**What is being asked:** Print all of the data exactly, but drop the pictures.

**Recorded data:**
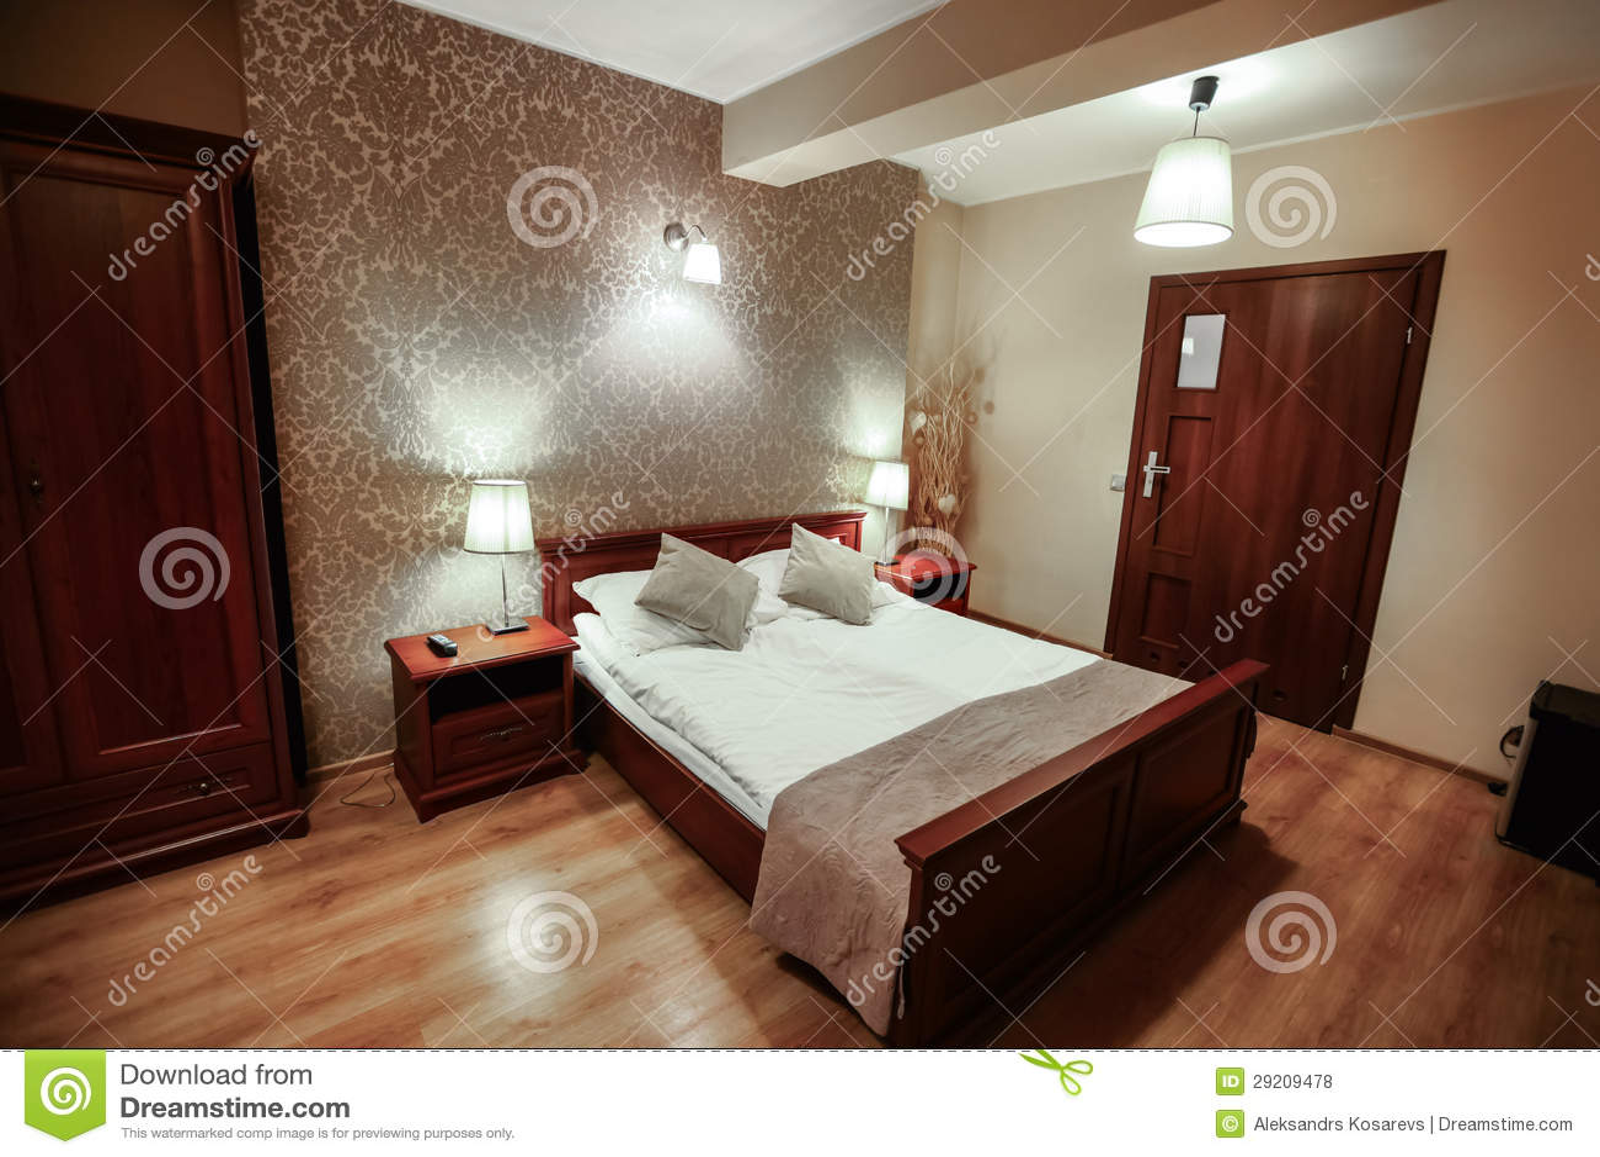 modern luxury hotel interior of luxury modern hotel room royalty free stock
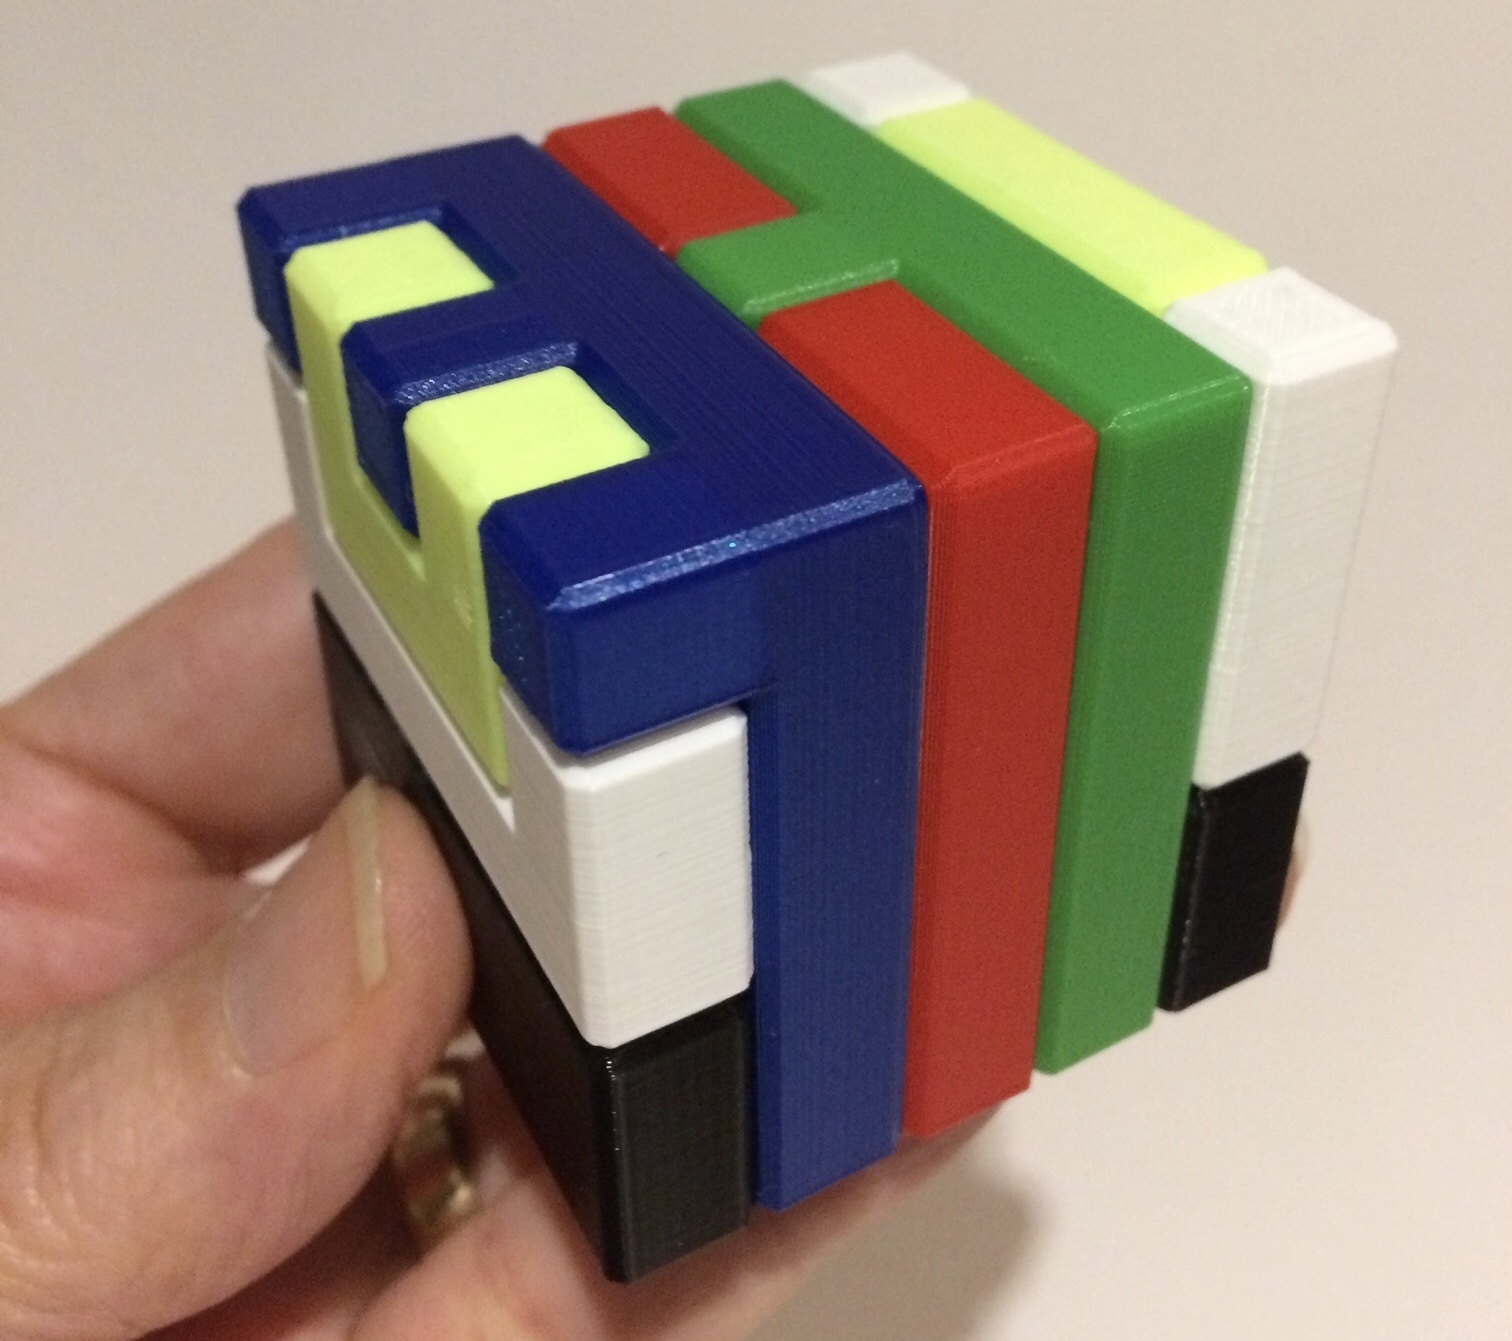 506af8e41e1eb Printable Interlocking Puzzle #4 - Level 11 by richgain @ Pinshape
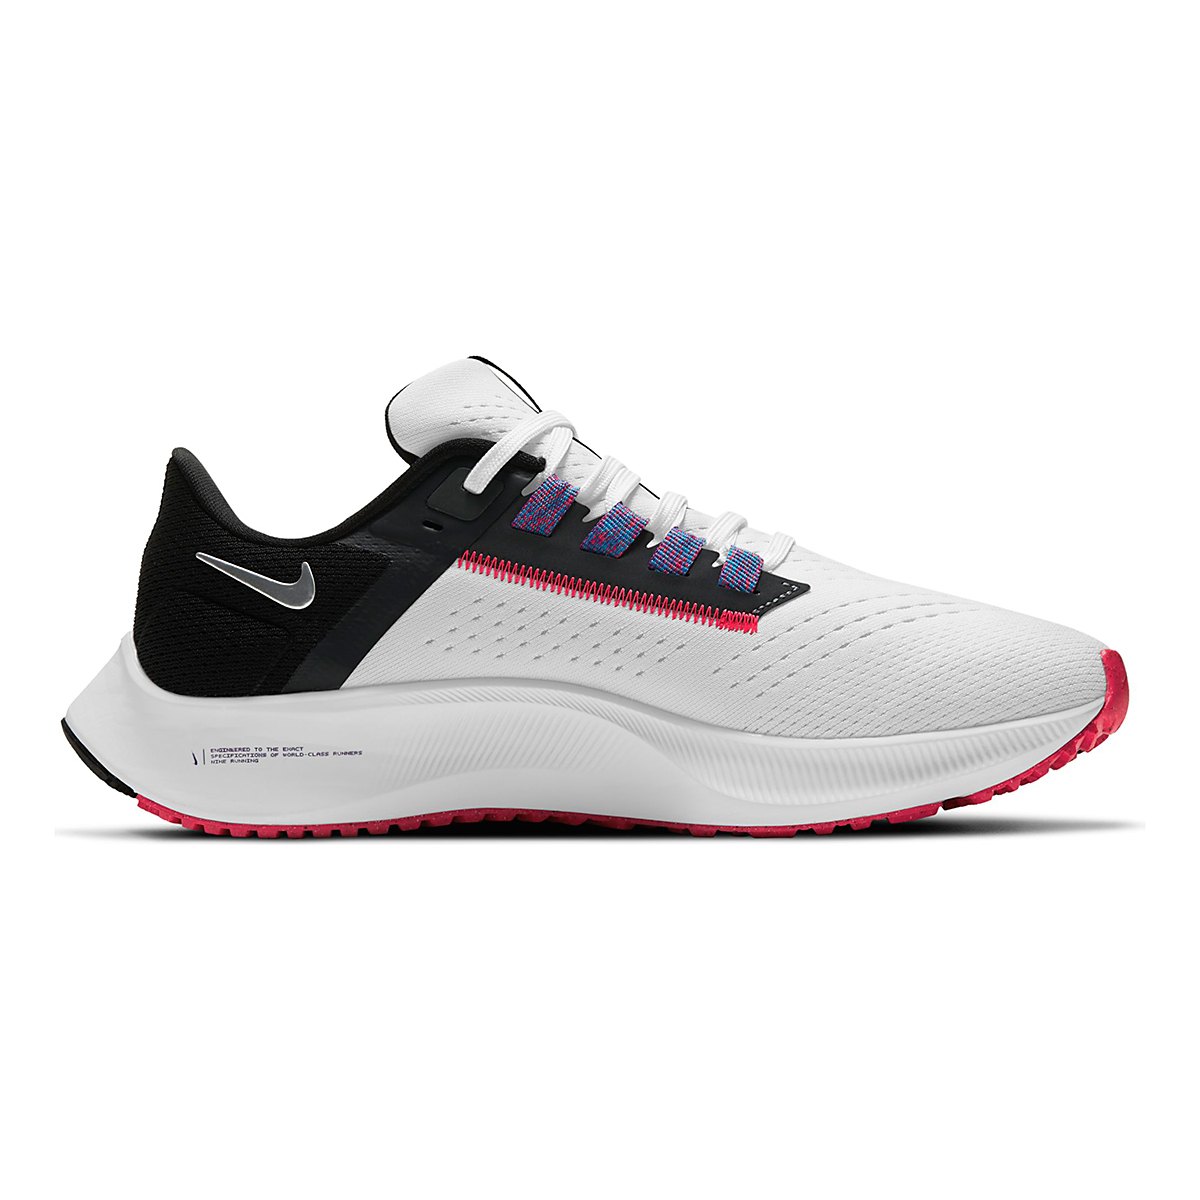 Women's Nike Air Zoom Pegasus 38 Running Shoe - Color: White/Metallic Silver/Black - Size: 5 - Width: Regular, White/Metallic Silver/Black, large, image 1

**Result for this exercise:**
 modern luxury hotel interior of luxury modern hotel room royalty free stock
 506af8e41e1eb Printable Interlocking Puzzle #4 - Level 11 by richgain @ Pinshape
 Women's Nike Air Zoom Pegasus 38 Running Shoe - Color: White/Metallic Silver/Black - Size: 5 - Width: Regular, White/Metallic Silver/Black, large, image 1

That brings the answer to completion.